1. Introduction
Authentication, authorization, and privacy are three sides of a security triangle that should be supported by every network device. Currently, due to the rapidly developing Internet of Things (IoT), ensuring cybersecurity at a high level is of particular importance. In typical cryptographic applications, secret keys are stored in either non-volatile or volatile memory. In the first case, they remain in memory and can be recovered even after powering off the device. In the latter, memory is vulnerable to attack if an adversary gains physical access to it. Therefore, traditional key storage approaches are not preferred and are slowly being replaced. Instead, a physical unclonable function (PUF) has been proposed as a lightweight, cost-effective, and ubiquitous solution. Generally, a PUF can be defined as an inherent and non-clonable feature specific to a given physical object, and it is used to generate a secure key. Unclonable functions are a promising solution that can be used wherever authentication, security, and key storage are needed without requiring secure memories or other expensive security hardware. Because PUFs promise to achieve secure authentication without any cryptographic resources on the device, they are of particular interest for resource-constrained IoT devices [
1].
In recent years, physical unclonable functions have become the subject of intense research in both academic and industrial communities, and PUF-based solutions have evolved into essential components of modern secure systems for identification, key generation, and storage [
1,
2]. Depending on the specific manufacturing variances of a device, a PUF can be derived from several sources of randomness. Typical approaches refer to the variations in the manufacturing of wires and gates of CMOS circuits [
1,
2,
3,
4], e.g., by comparing delay paths of equal length in an arbiter PUF or by exploiting differences between frequencies of multiple ring oscillators (ROs) of the same structure—RO PUF. Other solutions rely on the inherent properties of memory cells in a digital circuit [
1,
4]—so called memory PUFs; these include, e.g., butterfly PUFs, which consist of two cross-coupled data latches with a clear/preset input that drives instability, SRAM PUF cells, which are composed of two cross-coupled inverters, and latch PUFs, which consist of cross-coupled NOR gates.

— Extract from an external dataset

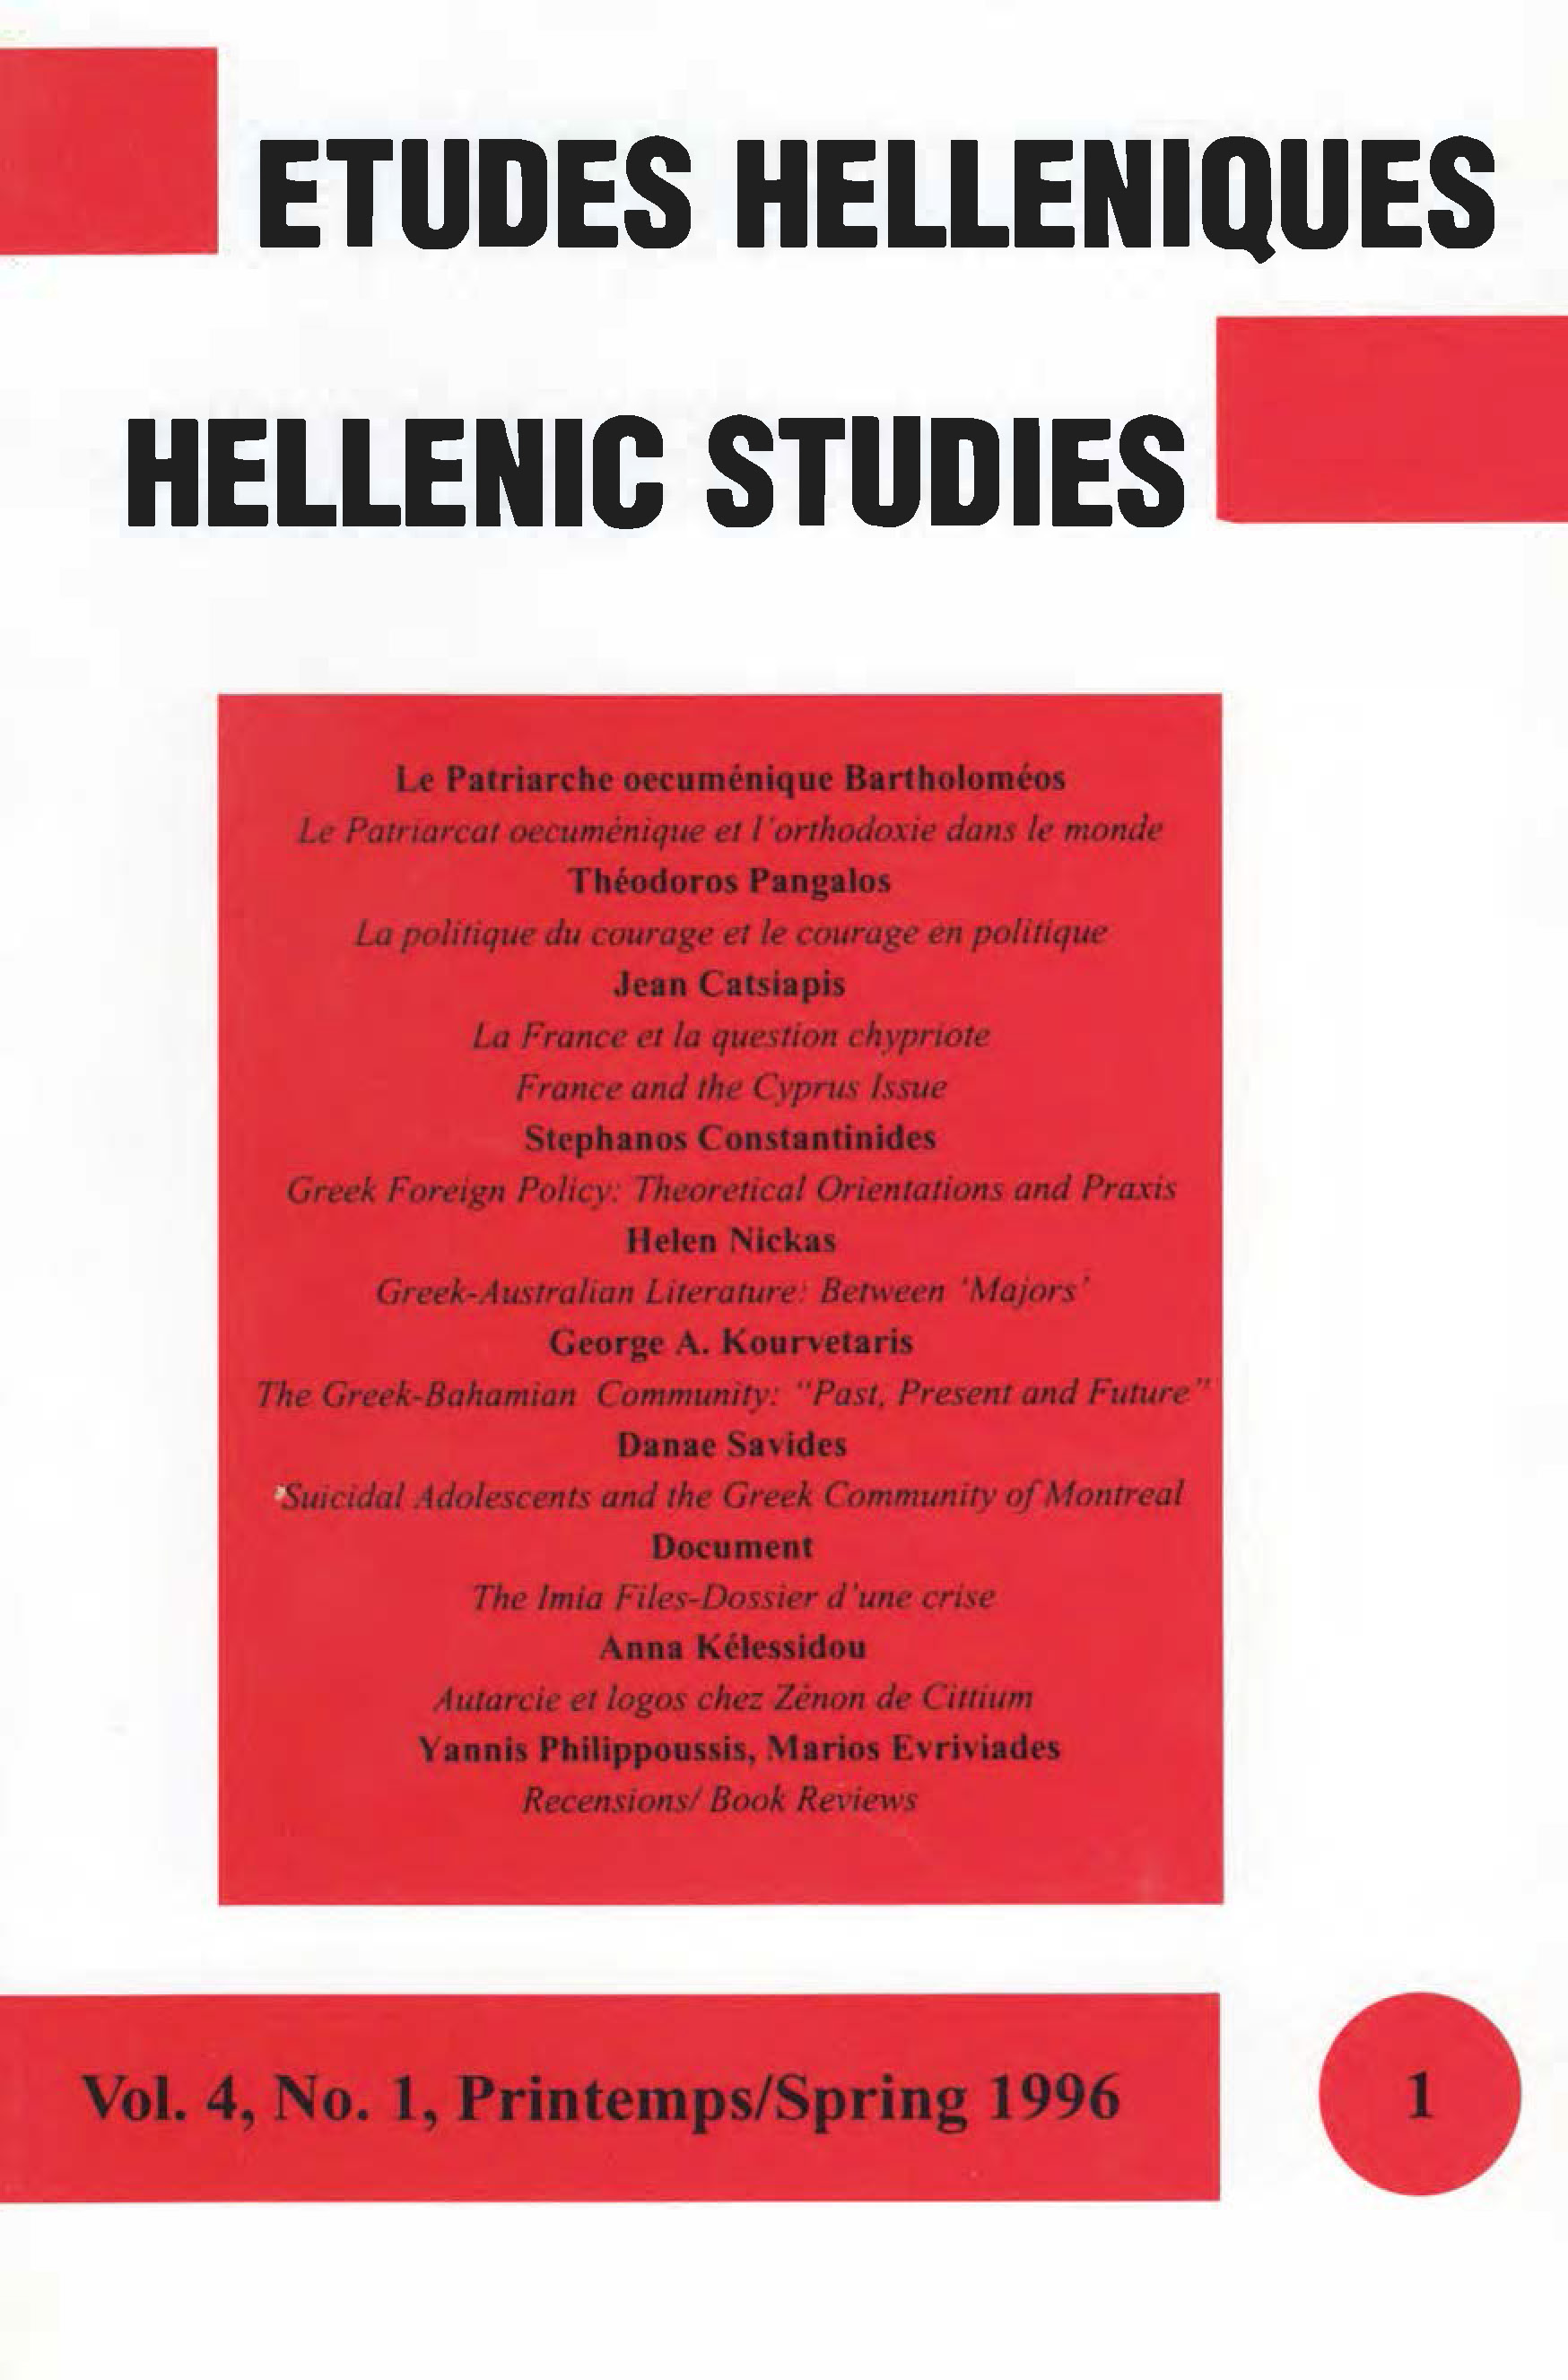 Études helléniques / Hellenic Studies, Volume 4, No 1, 1996, cover

PUFs can be distinguished not only according to the type of their physical structure, but also through a safety classification. Categorization is based on the number of possible challenges in triggering secure responses and the external availability of the responses. A common category is the weak PUF, which provides a limited number of challenge–response pairs, as opposed to the strong PUF, for which the set of such pairs is much wider. Weak PUFs are the least susceptible to modeling attacks; hence, they are mainly used to obtain a secret key in cryptographic algorithms. Therefore, they are also known as physically obfuscated keys (POKs) [
5], in which the secret key is permanently stored in the unique inaccuracy of the physical structure rather than being stored digitally, which makes it difficult for an opponent to learn the key through a probing attack [
6].
In this article, we propose and study the possibility of using a novel class of RO-PUFs based on the response of a single Fibonacci ring oscillator (FIRO) that was proposed by Golić in [
7]. We prove that, before achieving a desired randomness through jitter accumulation, each oscillator shows some degree of repetitiveness in an initial sequence of internal state transitions. Due to the inaccuracies in the technological process, the initial sequence remains unique for each device, ensuring high differentiation between circuits. The use of an FIRO in combination with a restart method [
8] allows us to obtain a set of short boot sequences, which, when processed with an innovative algorithm for common feature extraction, allow the recovery of the key that identifies the source oscillator. The proposed methodology provides an easily obtainable RO PUF with experimentally proven identifiability.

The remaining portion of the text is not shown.